● The problem: Copy down every line of the data that follows exactly. Omit the pictures.
*** Opening of Information provided ***
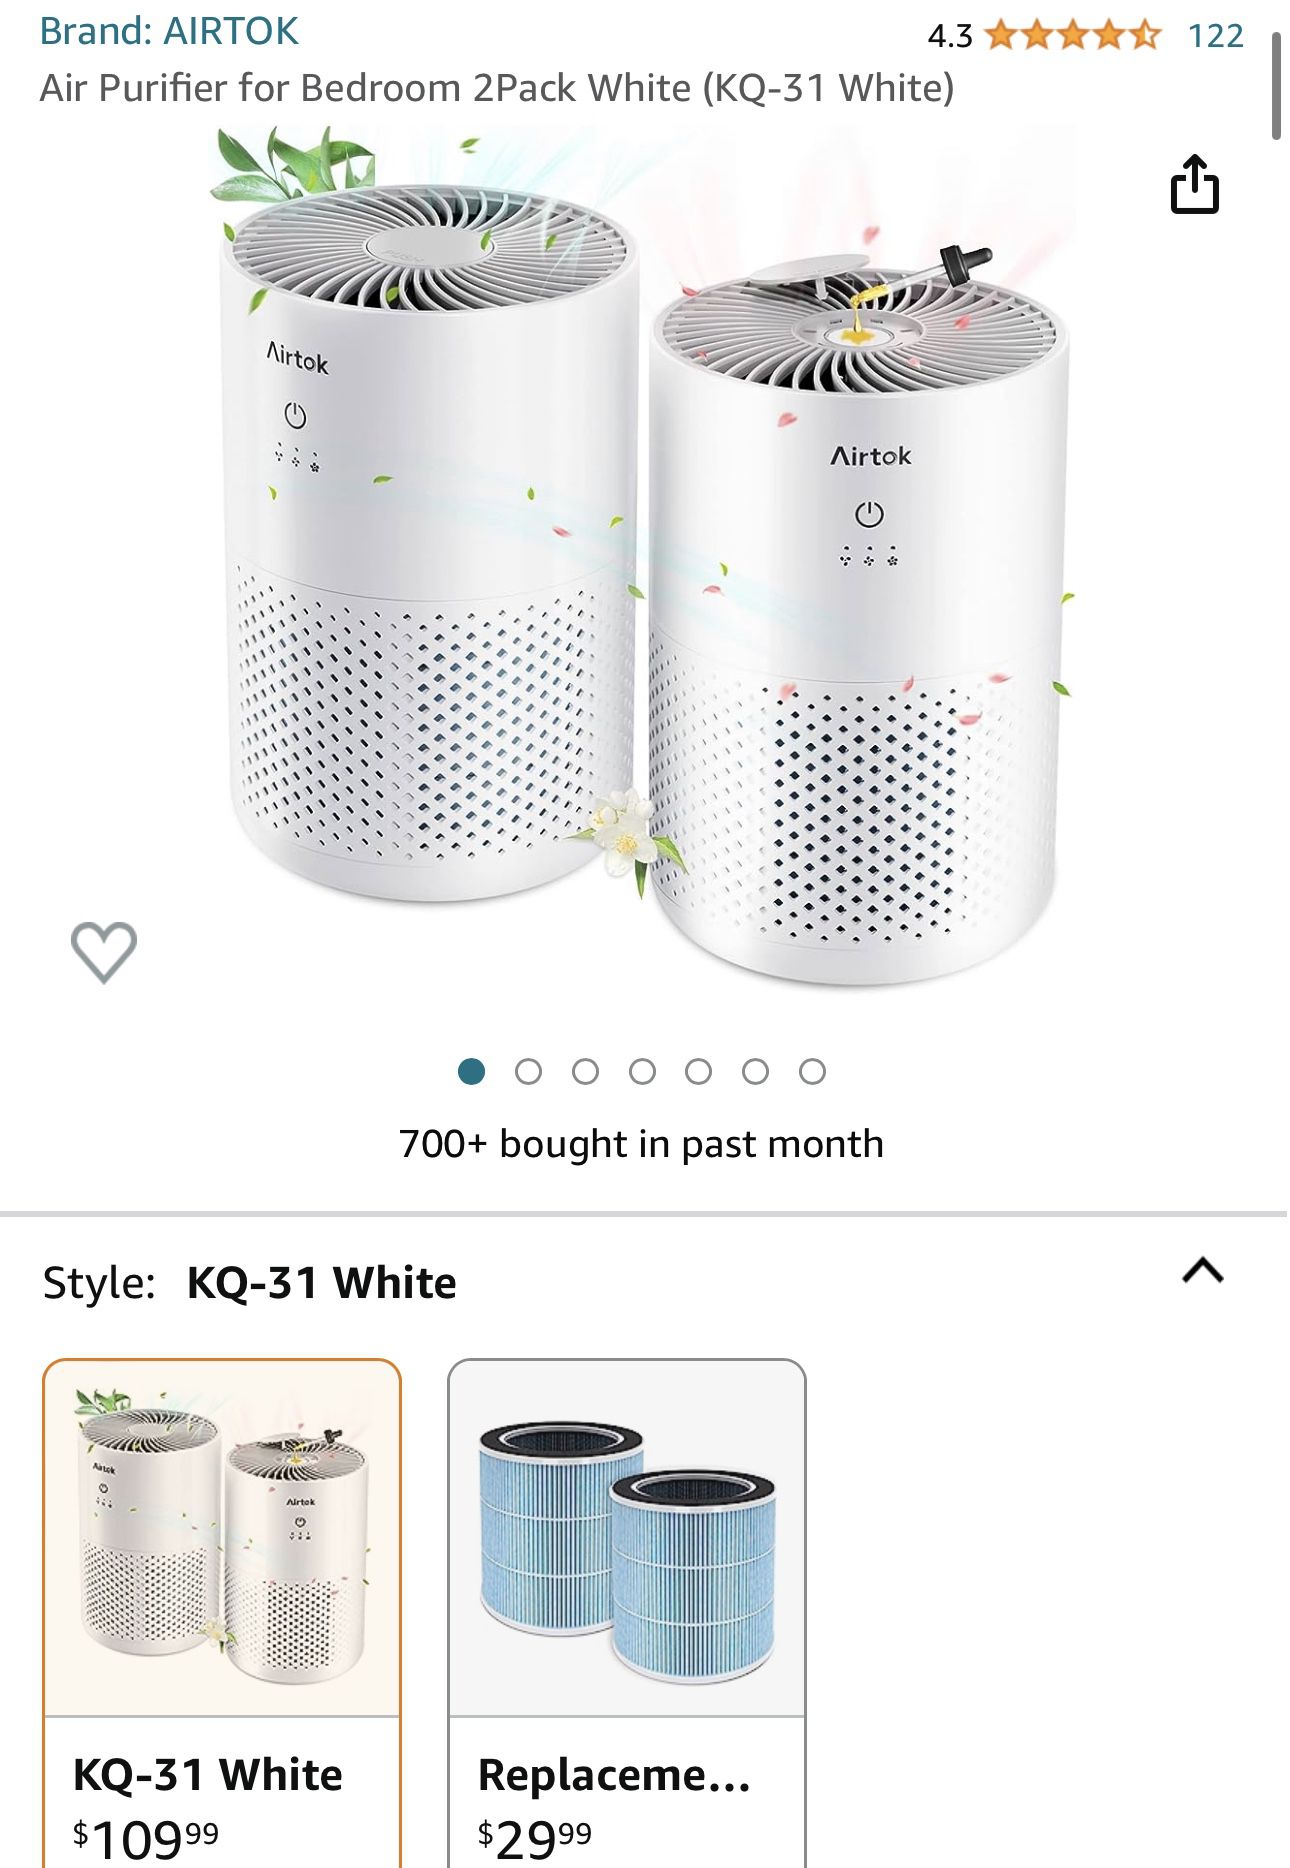 Air Purifier for Bedroom 2Pack White (KQ-31 White) - Comes with 2 filters (Brand New in Box)
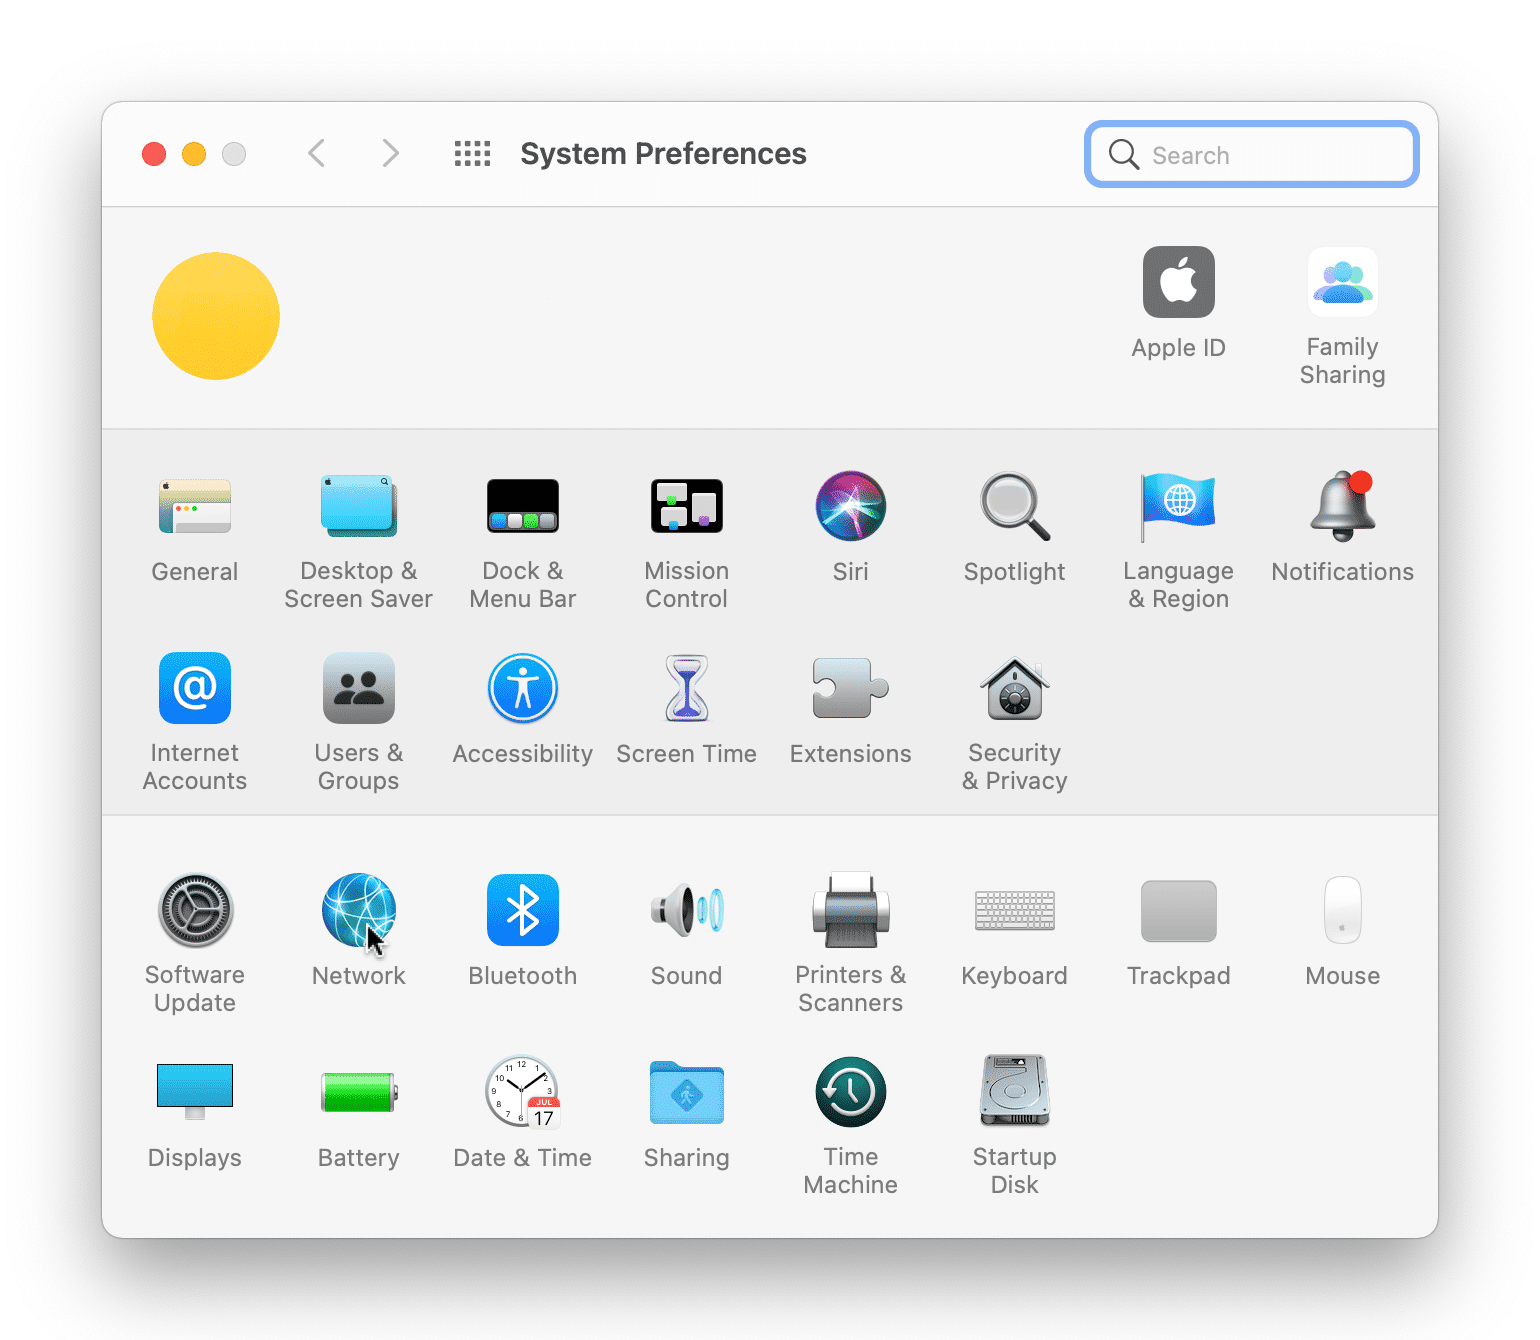 The System Preferences menu on MacOS
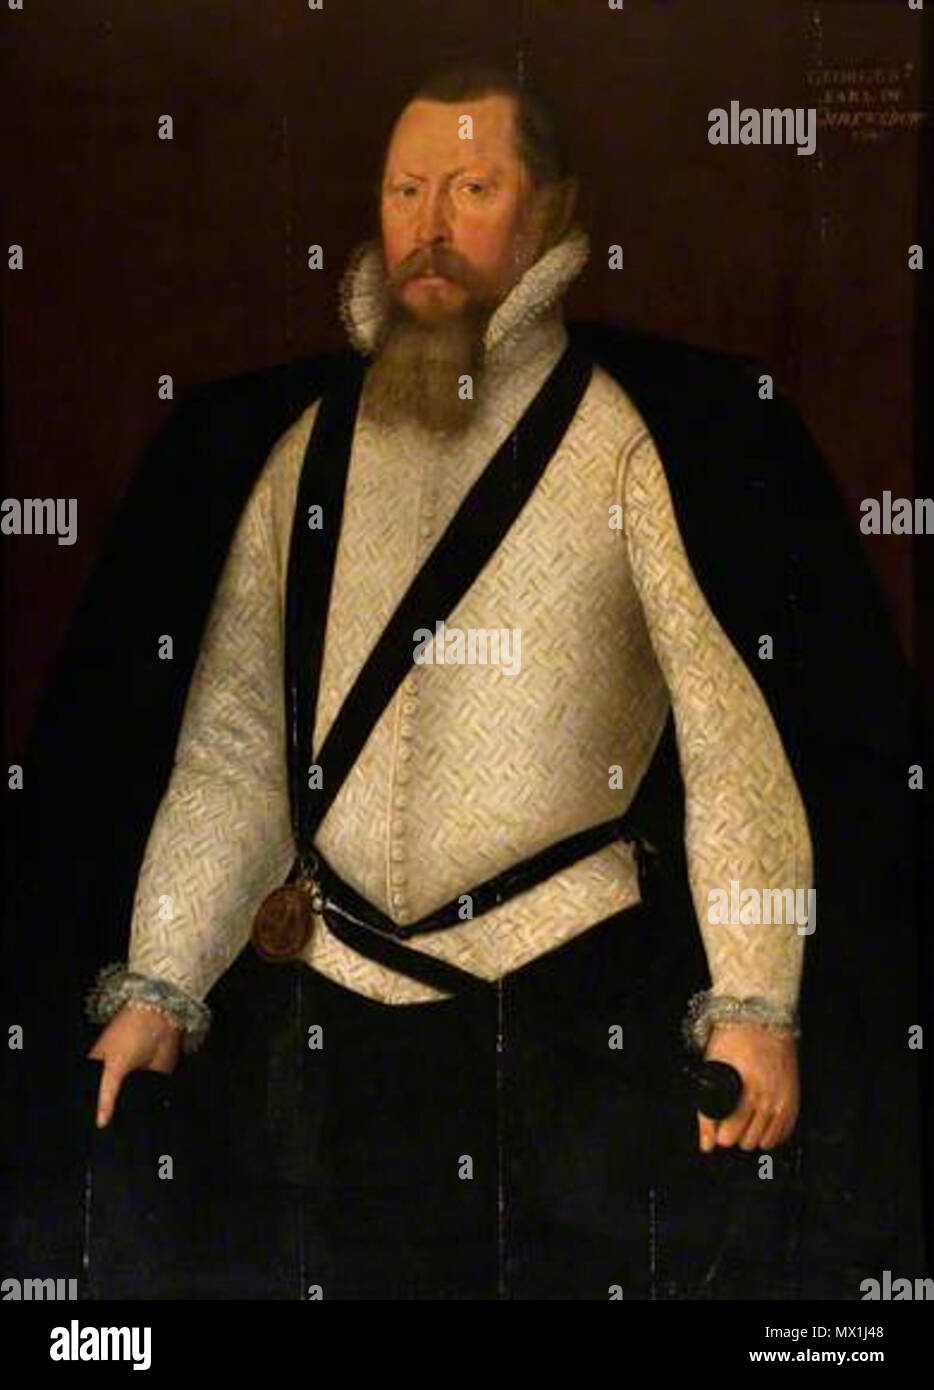 . English: Portrait of George Talbot, 6th Earl of Shrewsbury, by an unknown artist of the English school. Dated 1580. Oil on canvas, 110 cm x 90 cm. Courtesy of the collections of Ingestre Hall Residential Arts Centre. 18 January 2012, 04:33:24. unknown painter of the English school 240 George Talbot, 6th Earl of Shrewsbury by an unknown artist 1580 Stock Photo
*** Close of Information provided ***
● Task answer:
 Air Purifier for Bedroom 2Pack White (KQ-31 White) - Comes with 2 filters (Brand New in Box)
 The System Preferences menu on MacOS
 . English: Portrait of George Talbot, 6th Earl of Shrewsbury, by an unknown artist of the English school. Dated 1580. Oil on canvas, 110 cm x 90 cm. Courtesy of the collections of Ingestre Hall Residential Arts Centre. 18 January 2012, 04:33:24. unknown painter of the English school 240 George Talbot, 6th Earl of Shrewsbury by an unknown artist 1580 Stock Photo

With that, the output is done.